Ernest Harwell: If I can make healthy changes, you can too
By Cheryl Hastings, Contributing Writer
Ernest Harwell is living just fine without extra gravy and super-sized fast-food meals awash in soda. He wants other TIers to know it’s not so bad and, in fact, it’s all good.
Ernest, a TIer of 10 years, had always been healthy and active. Despite an upward creep in his weight, his endurance never suffered as he worked the SC Building’s Test floor, which is about three football fields in length.
So when he found himself in the men’s room more often, he took notice.
“I never felt bad, never even had high cholesterol or high blood pressure. I just began to notice frequent urination and I was a little lower on energy,” said Ernest, an equipment engineering systems administrator. “When I went to the doctor, I weighed in at 418 pounds and as it turned out, I was type 2 diabetic.”
Perhaps until that day, Ernest thought of himself as a strapping military man. When he left the service in 1994, his 6-foot, 5-inch-tall frame carried a strong 265 pounds and a mere 11 percent body fat. But as a civilian, Ernest never replaced the strenuous physical activity of the military, and his appetite stayed the same.
“My doctor started asking about my diet. As I heard myself telling him what I typically ate, I realized it wasn’t good – a lot of fried foods, Taco Bell, pizza, fried chicken. And I drank a lot of Cokes – probably two cases a day,” he said. “Until he and I talked, I just enjoyed my food and never thought about it. We figured out that I was eating 7,000 to 8,000 calories a day, sometimes more. That was a wake-up call.”
Ernest was lucky – at this early stage of diabetes the fix for his situation was fairly simple. The doctor said if he would lose weight, he could control his diabetes and avoid serious complications.
Healthy changes, quick results
So Ernest, a long-time member of the Texins Activity Center, decided to use his member benefits for more than just entertainment tickets.
“I talked with the trainers at Texins and they helped me determine my resting metabolic rate. Once I had that information, we figured out the right diet and exercise program for me. Following their direction, it wasn’t any time at all that I started losing weight,” said the husband and father of five.
Ernest was diagnosed with diabetes in August 2009. By December, he’d lost 65 pounds. By the end of May 2010, he’d lost 108 pounds. Today, his goal to drop 50 more pounds feels well within his grasp.
Plan for health
Ernest’s regimen includes 30 minutes to an hour of weight training and cardio exercise at the Dallas Texins Activity Center five days a week. He started with a 1,600-calorie eating plan, and is now averaging 2,000 calories per day. Sure it’s been a change, he says, but it’s not so bad.

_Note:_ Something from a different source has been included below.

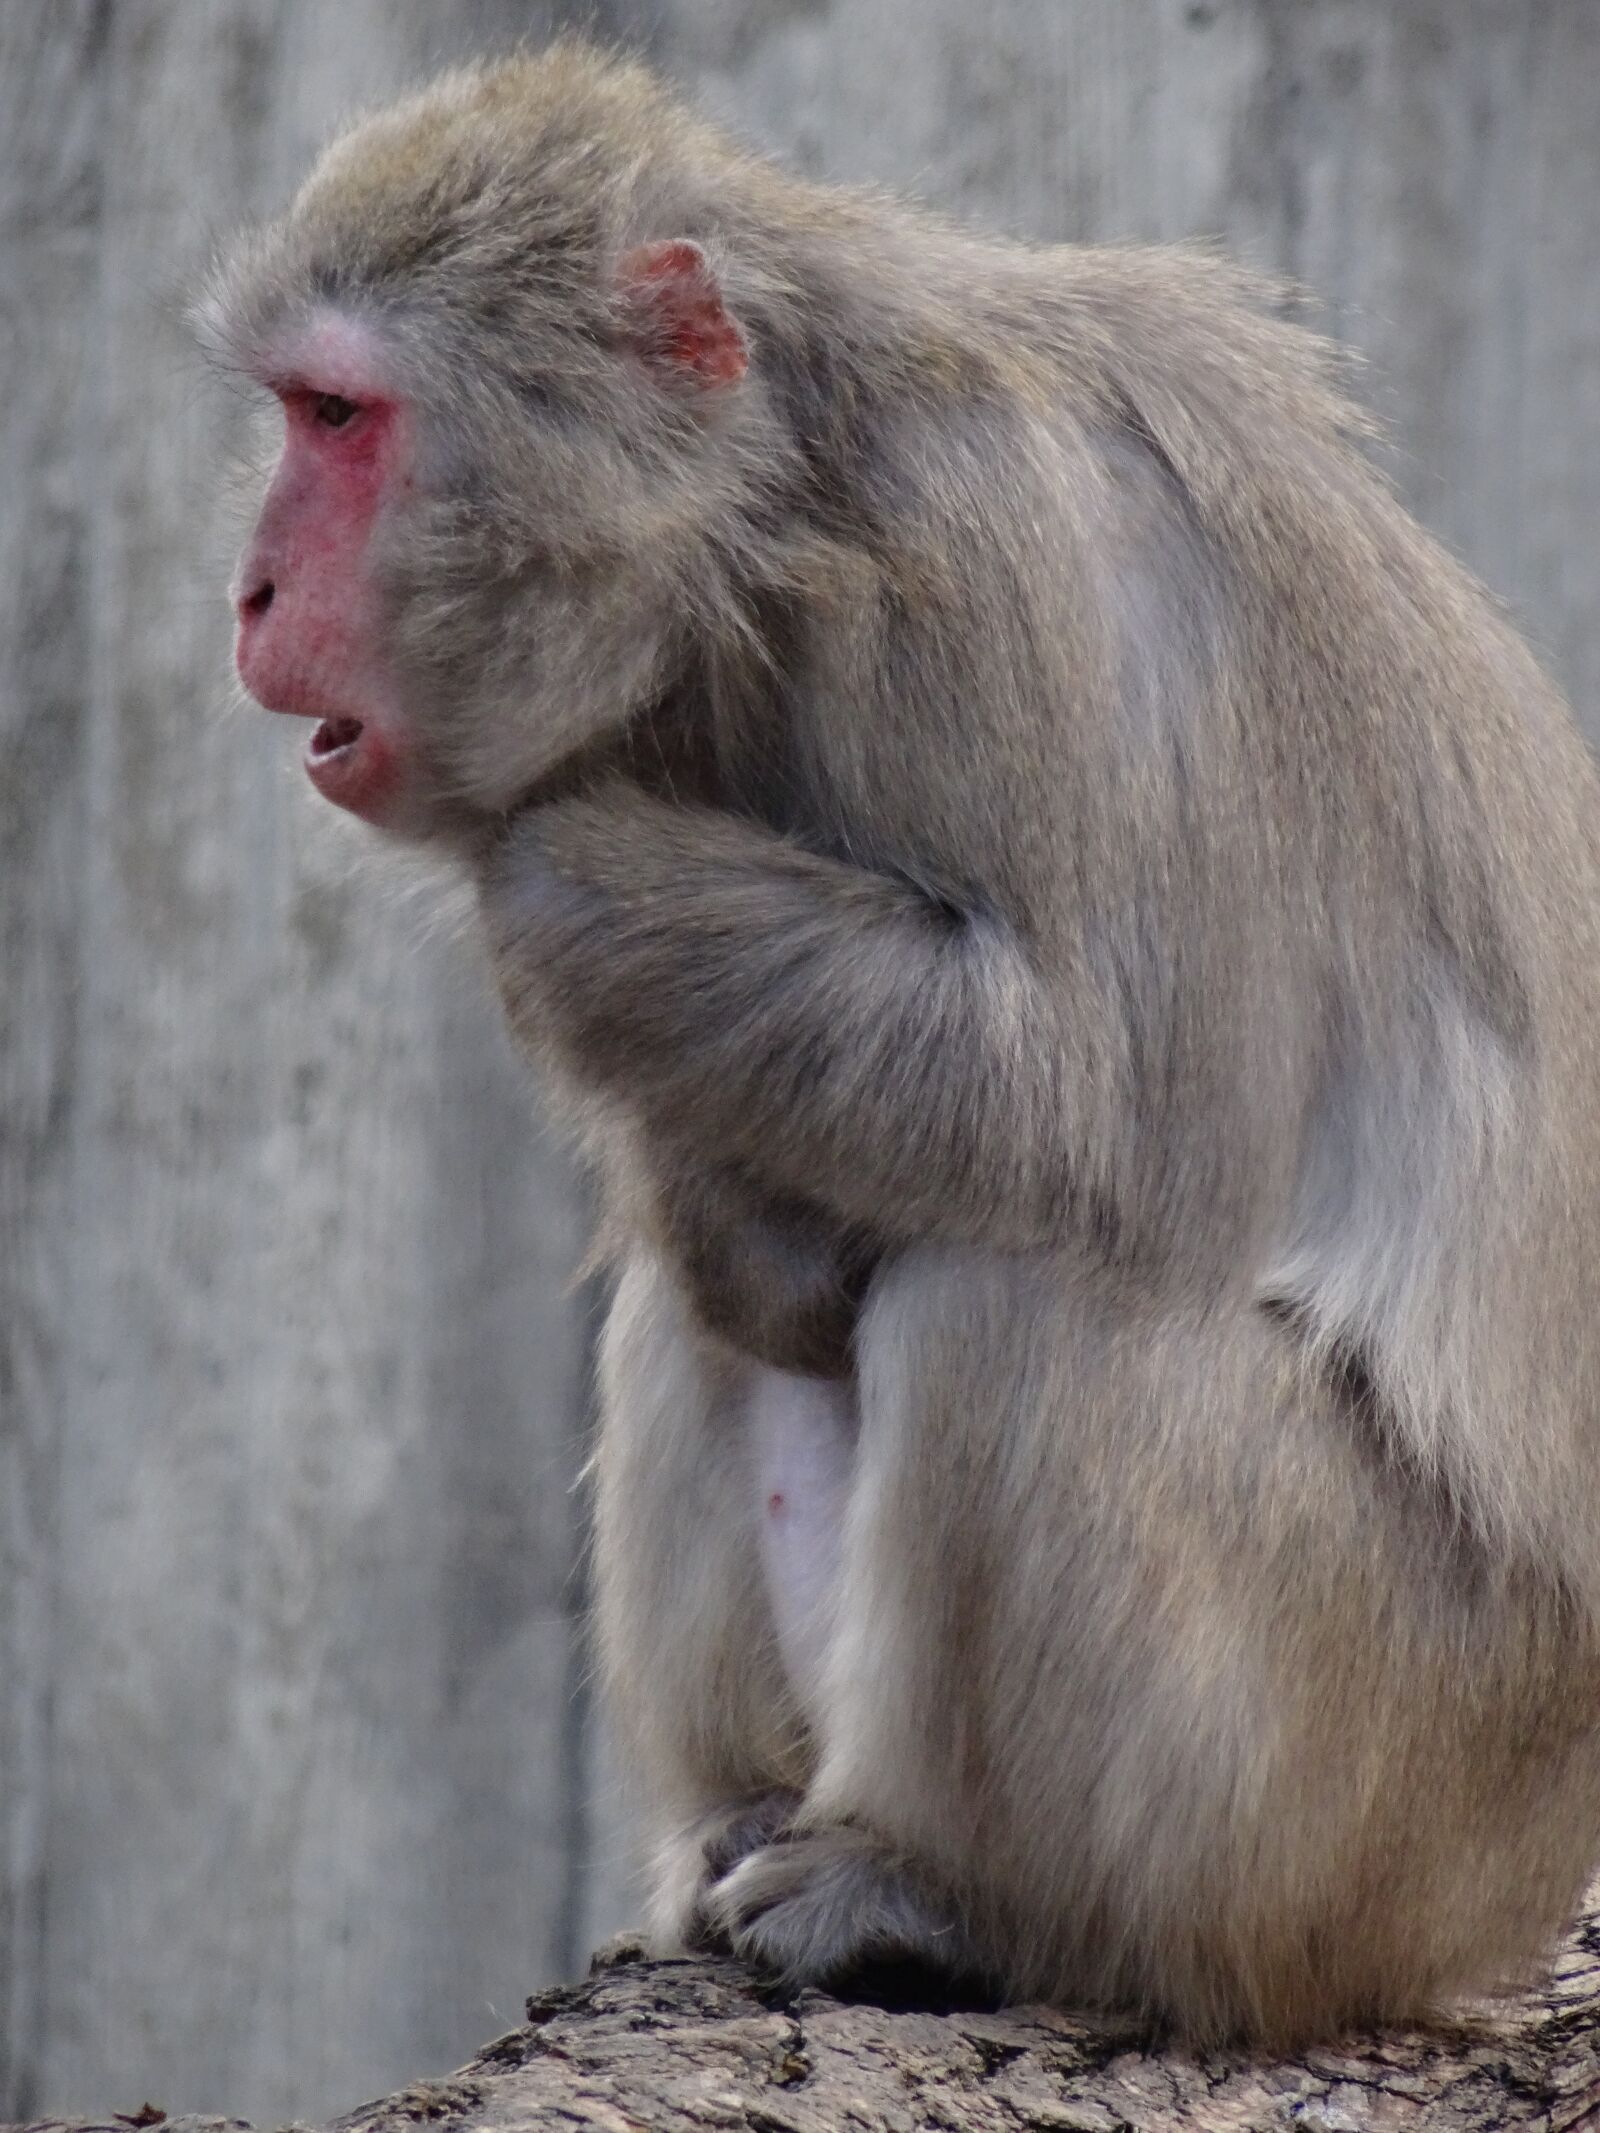 Sony Cyber-shot DSC-HX50V sample photo. Monkey, animal, zoo photography

"My plan allows me to basically eat what I want once a week so I don’t have to give up on the foods I like. I refuse to live on salad, but I will eat Subway,” he said.
And on that day when he treats himself, he eats a regular-sized portion rather than the super-sized meals he once devoured. Instead of four pieces of fried chicken, a dozen gizzards and mashed potatoes with extra gravy, he orders two pieces of chicken, potatoes, no gravy and he swipes a couple of his wife’s corn fritters.
At Taco Bell, he’s down from six tacos, a tostado, a burrito supreme, pinto beans with cheese and two liters of Coke, to a dramatically smaller order of two Fresco tacos from the chain’s new diet menu. Each Fresco taco has 180 calories and 7 grams of fat.
Ernest’s positive changes are also showing in his blood work. His blood sugar – once at a dangerous high of 258 – is nearing the normal level, which is below 105. His progress has enabled his doctor to reduce his diabetes medication by half, and if his progress continues he may be able to eliminate medication altogether.
Once he reaches his target weight, he said he plans to work with a trainer to increase his muscle mass.
You can do it, too
For TIers who face similar health challenges, Ernest encourages them to face it head-on, determine a personal course of action that works, and stick with it.
“When my diabetes came on, it came on fast. I never thought I looked like I weighed over 400 pounds, and I thought I felt fine,” he said. “Now, I’m down to 310 pounds and I feel better than ever. It’s worth it to make these changes and I hope other TIers will learn from my experience. There’s no miracle cure so when you have these problems, you just have to take the initiative to care for yourself.”
An inspirational note at the bottom of his TI e-mail shares his new approach: “There are risks and costs to a program of action. But they are far less than the long-range risks and costs of comfortable inaction.”